From my living room, I have an expansive view of the city. I see the skyscrapers of Century City; a vibrant city that borders Beverly Hills on the east and Westwood on the west. Century City also sits adjacent to 20th Century Fox Studios and is one of the most prestigious business districts in Los Angeles. It looks no bigger than 1 square mile, but I haven’t measured it myself.

Century City is a small city within a big city and was originally created by Fox selling a part of their back lot to make up for lost production costs. On a clear night, I really can see forever. The translucent buildings look like Christmas tree lights. I see various lights going on and off like flickering Souls running into and out of the darkness.

As I study the light activity, I wonder what type of people work in those buildings high atop the sky? What do they do? What kind of lives do they live? What heartaches do they endure? What joy surrounds them? How do they live? How does what they do effect my life?

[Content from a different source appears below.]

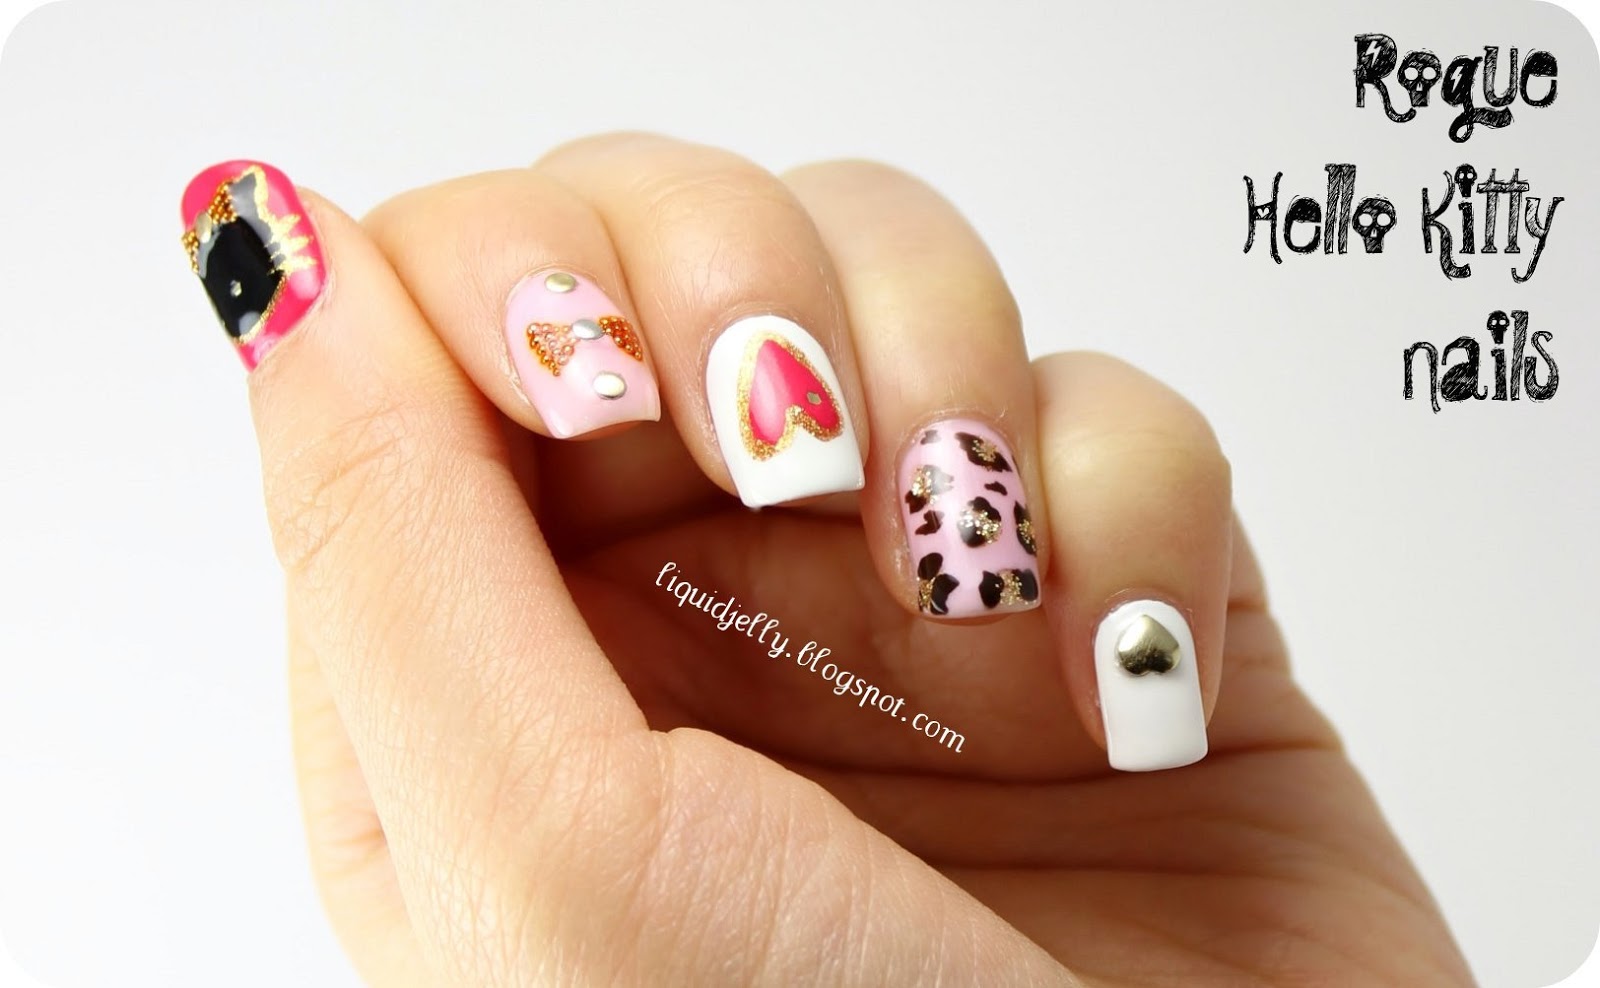 Hello Kitty Nail Art Designs on Tumblr - wide 2
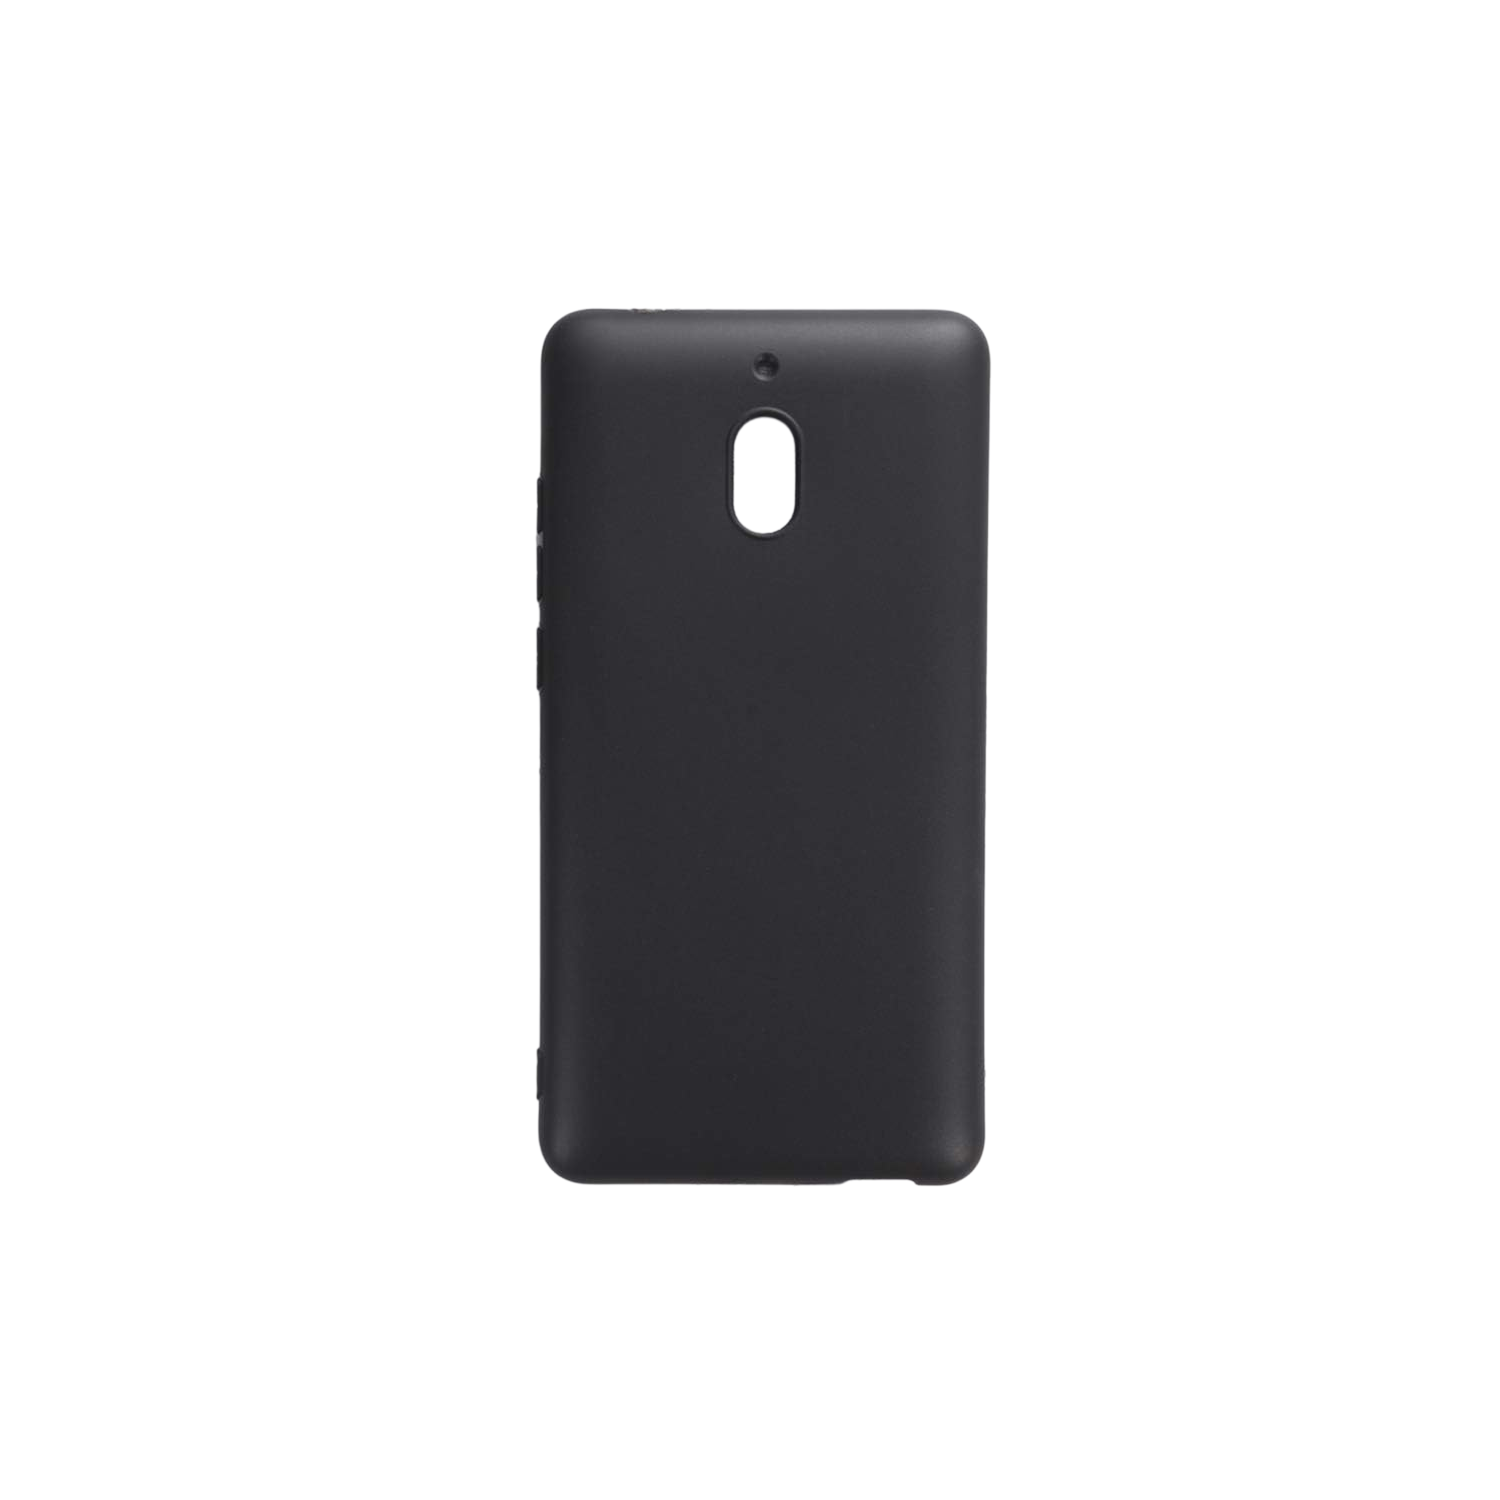 【CSmart】Ultra Thin Soft TPU Silicone Jelly Bumper Back Cover Case for Nokia 2.1 2018, Black

We all have jobs that effect someone in some way.
Who are the employers? Who are the employees? Is real work getting done? Who are the workers? Who are the slackers? How many workers are spending time on the internet instead of doing their work? How many workers chat more time in a chat room than they do to their own family?

I find that people are kinder to strangers than they are to their loved ones. Does the pressure of our lives cause us to misalign our feelings towards loved ones?
Why do some of us work twice as hard at steering our destiny and others tread water floating away from their potential?

We trust complete strangers with our most sensitive information and possessions. We give valets our cars to park without knowing if they can drive; we give banking officials our social security numbers without knowing if they are honest; we let moving companies and airlines move our belongings without knowing if we’ll ever see them again; we eat in restaurants without knowing what they do in the kitchen?

Who are those strangers in the night who clean buildings? Do they know? Are they masters of their fate? Slaves of lust? Barely hanging on? Secretly planning to destroy? Who knows? I wonder about them? I wonder if they wonder about me wondering about them? Are they asleep at the wheel?

I see so many people who have already checked out of life’s hotel. They just take up space in a body. They are cold to the touch. No presence. No flicker in their eyes. No verve. No reason. No rhyme. No tilt. No spin. No view. They are slowly circling. Going down the drain into the abyss.


We have to trust strangers to help us facilitae our lives. We may not want to, but we have no other choice. Strangers have power. We are all strangers to someone. Strangers have the power to destroy, but more importantly, strangers have the power to galvanize.

Let’s galvanize for a better day. Wake up those who are fast asleep. Tell them,


“This is life. Wake up. Reach out. Stand up. Be heard. Stay tuned. Eyes open. Check in. Give love. Get love. Be love. Be well. Be alive. But first you have to wake up!”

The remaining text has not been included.